Still, when I read the sanctimonious New York Times review of Lee’s 2003 bestseller, “Sandra Lee Semi-Homemade Cooking,” it made me want to whip up a batch of Lee’s Gnocchi Dippers (ingredients: jarred garlic, Tabasco sauce, sour cream and Velveeta). The review by Amanda Hesser drips with condescension, not just for Lee but for most American cooks. “If someone tells you often enough that you do not have time to shop at a good butcher ... you may start to believe it,” Hesser wrote. “And that is just how Ms. Lee wins you over. Using the same strategy that has been so successful for the food industry, she seems more intent on encouraging people to create excuses for not cooking than on encouraging them to cook wholesome simple foods.”
As someone who lives and works at least a half-hour subway ride from “a good butcher” and so buys most of her meat from the Safeway, a.k.a. “the food industry,” I found myself wondering whether those pork chops in potato soup might not be so awful after all.
Furthermore, you have to admire Lee’s sheer bravura. On Oct. 24, about a week away from the Nov. 2 election in which her boyfriend’s political fate would be decided, Lee broadcast her annual Halloween special on the Food Network. It was a business-as-usual Lee-lapalooza.
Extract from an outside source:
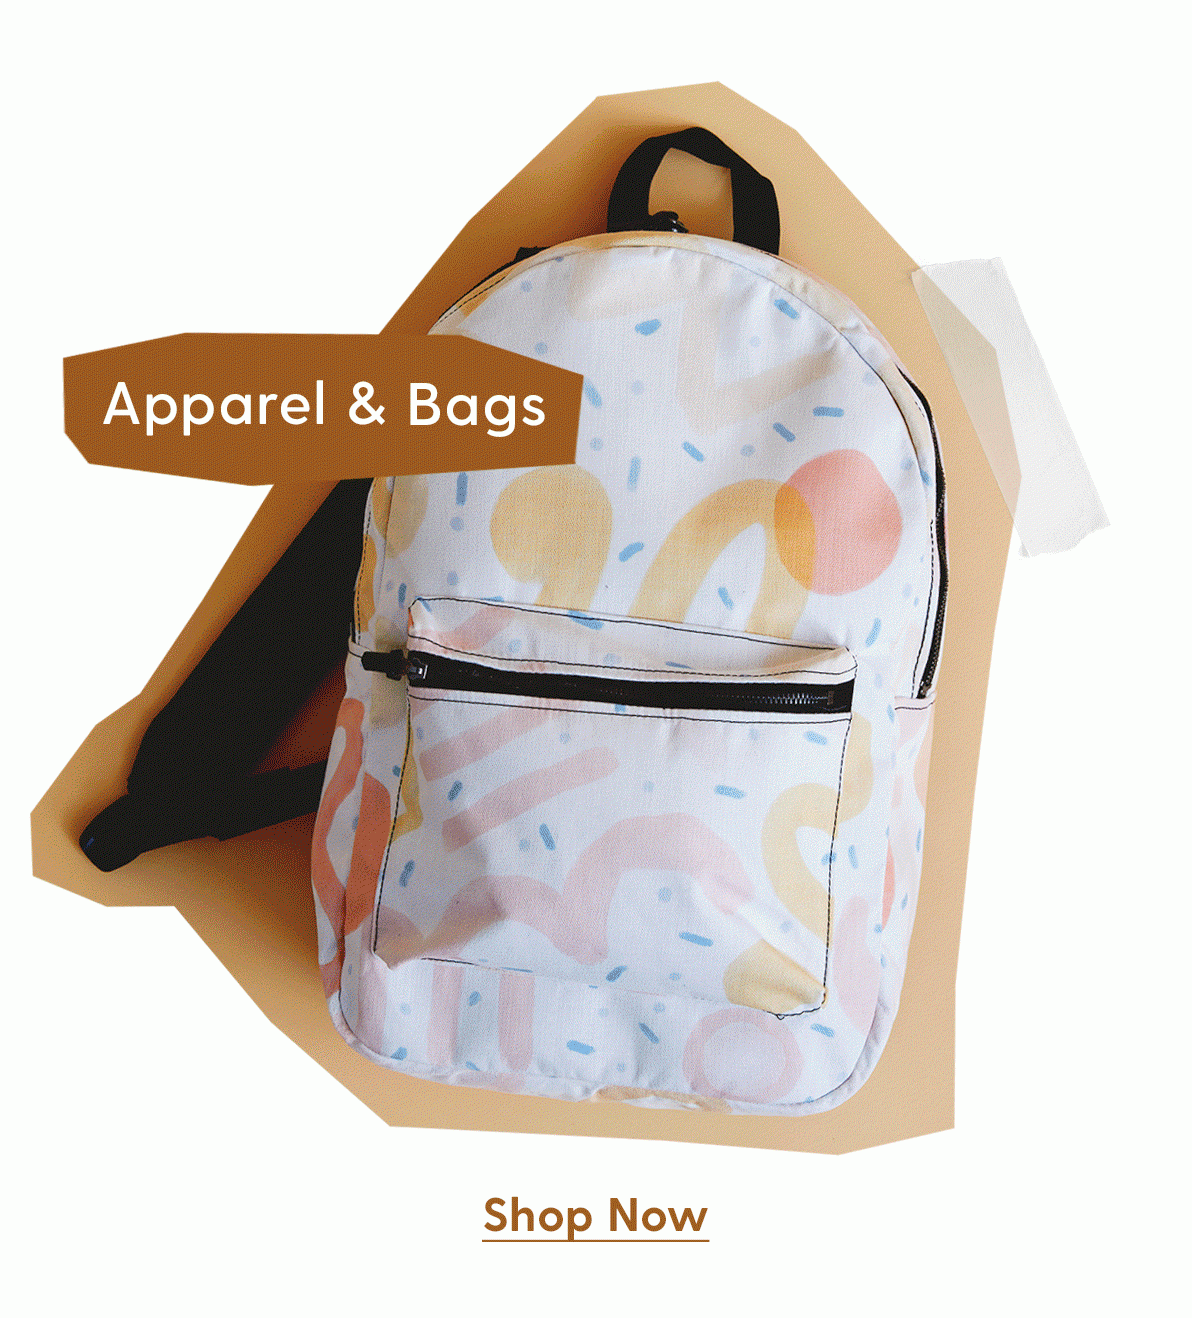 Apparel & Bags Shop Now

She sported waistlength hair extensions and a deep-decolletage fairy queen costume that showed off as much cleavage as family TV permits. The food that day included frozen cheesecake on a stick and a cocktail composed of equal parts of half-and-half, vanilla vodka and hazelnut and white chocolate liqueurs, served in goblets the size of hurricane lamps. It’s “a favorite of the fairies,” insisted Lee.
All I can figure is it must be true that opposites attract. Even those who embrace his politics would have to admit that the saturnine, brooding Cuomo doesn’t seem like a lot of fun. In his life, Lee might be likened to the jolt of electrical current that galvanized the dead limbs of Frankenstein’s monster into life.
There is a lesson to be learned here for the Democratic Party. Across the country this Thanksgiving, Americans cooked “semi-homemade.” They opened cans of green beans and topped them with condensed cream of mushroom soup. They tucked canned yams under a blanket of tiny marshmallows from a bag. They poured premixed pumpkin pie filling into premade crusts.
Whether or not you prepared your Thanksgiving dinner this way, it’s crucial to understand that people buy Sandra Lee’s books by the thousands because they genuinely like her approach. And they think her “tablescapes” are creative (which in a way they are).
In this midterm election, the Democrats considered themselves too good for Lee’s people. Alienated from a condescending elite, ordinary Americans who don’t seek out “good butchers” and aren’t averse to opening cans when they make cooking easier were precisely the sort of people who cost the Democrats so many elections. Perhaps it is time for them to quit looking down their noses at Lee’s fans and start taking them, and what they believe, seriously.
Except, perhaps, for Kwanzaa cake.
Charlotte Allen cooks and writes in Washington.